Si le PAD Paris connaît aussi quelques difficultés, selon lui cela n’est pas révélateur d’une dépréciation mondiale de la place de Paris, qui reste renommée grâce à l’attrait de la ville malgré les attentats, aux résidences secondaires des plus grandes fortunes mondiales, et à la richesse de l’offre culturelle et de la vie artistique.

Faudrait-il par exemple associer la Biennale à la FIAC, sur le modèle de Bâle qui multiplie les shows et événements pendant Art Basel ? Cela pourrait être une bonne idée pour revaloriser la formule d’une foire historique, à condition que les participants sachent dépasser les querelles d’égo.

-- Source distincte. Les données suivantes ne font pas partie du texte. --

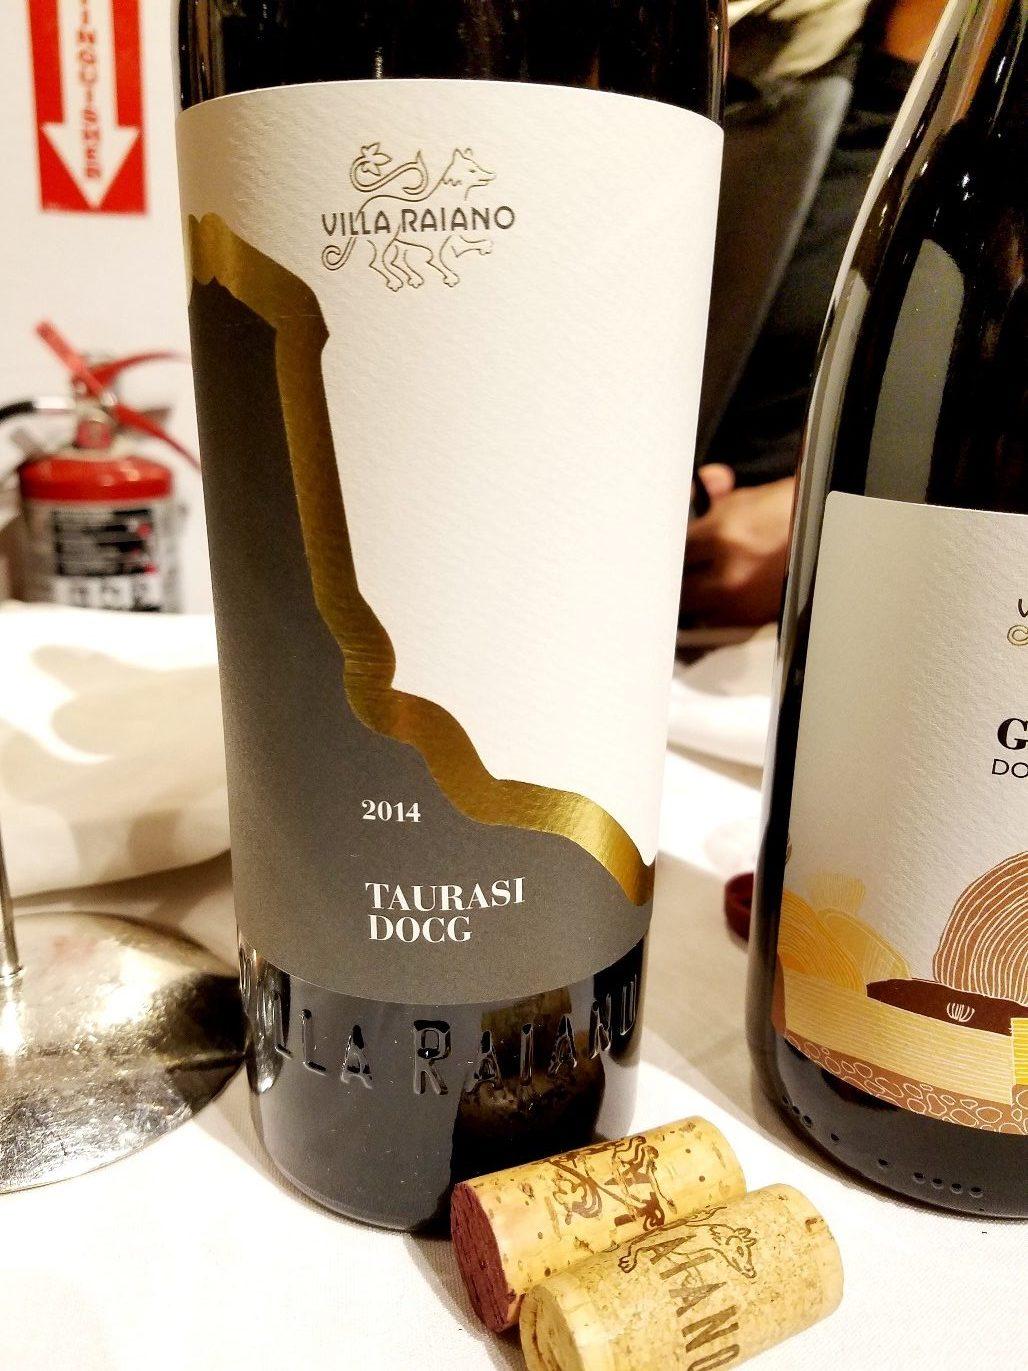 Villa Raiano Taurasi DOCG 2014, James Suckling Great Wines of Italy New York 2020, Wine Casual
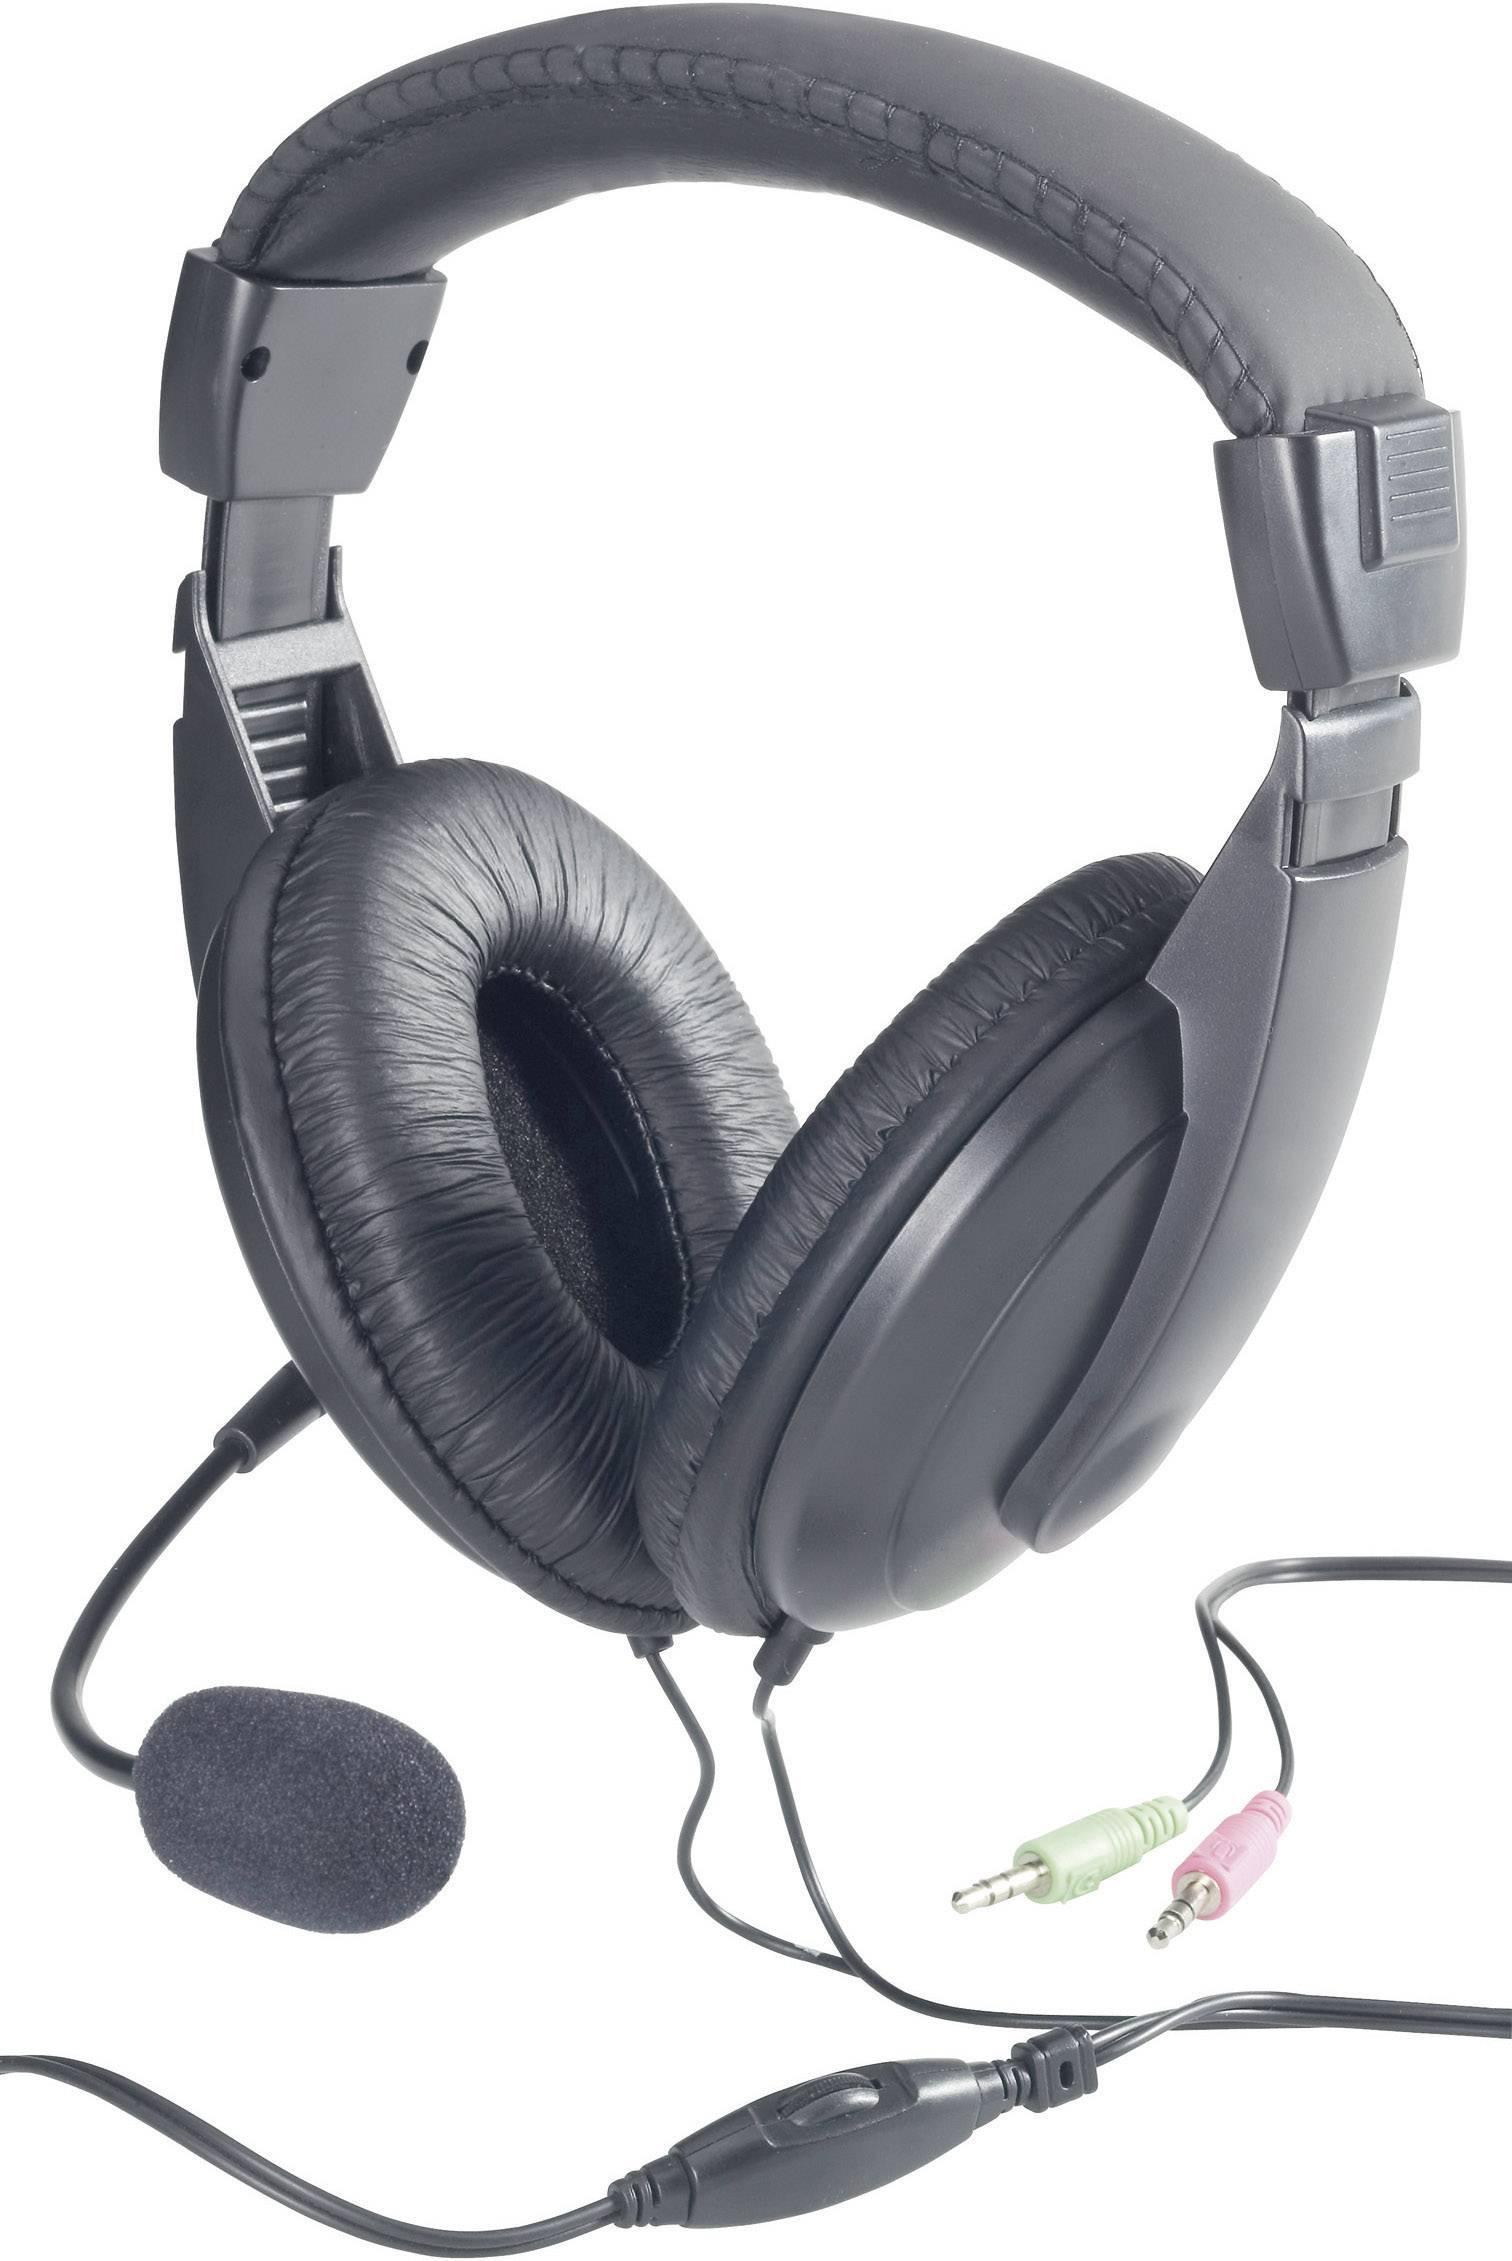 Stereo headset TW-260E

4. Conclusions et perspectives

La volonté d’aller trop vite engendre le risque de mal faire, c’est la maladie du marché à notre époque. Monsieur Bonnemer insiste : l’intérêt premier du marchand ne doit pas être de faire du chiffre mais de défendre ses choix, son goût, c’est cela qui porte l’activité. Désormais, leur activité même ne leur permet plus cette éducation du goût au quotidien, et cela nuit au marché de l’art et au dynamisme des ventes, bien sûr à Paris où Sotheby’s et Christie’s écrasent la concurrence, mais surtout en province où disparaissent chaque jour toujours plus de petites études et magasins d’antiquités, qui portent le marché local.

Quelles solutions envisager ? Les techniques de communication moderne comme Instagram, peuvent aider les professionnels à se réinventer. Ces derniers ont aussi intérêt à collaborer avec les acteurs institutionnels dans l’acquisition, la circulation, la restauration d’œuvres, à l’image des entreprises parfois éloignées du monde de l’art et qui pourtant constituent toujours plus de fondations et fonds de dotation. Résolument optimiste, Monsieur Bonnemer y voit un gisement de métiers et de postes à exploiter à l’avenir pour des étudiants passionnés et curieux, dotés d’un parcours universitaire qui sera un atout précieux à l’appui d’un sens du contact à cultiver. Il faut se forcer à découvrir de nouveaux univers professionnels, tout en restant cohérent et en se nourrissant l’esprit.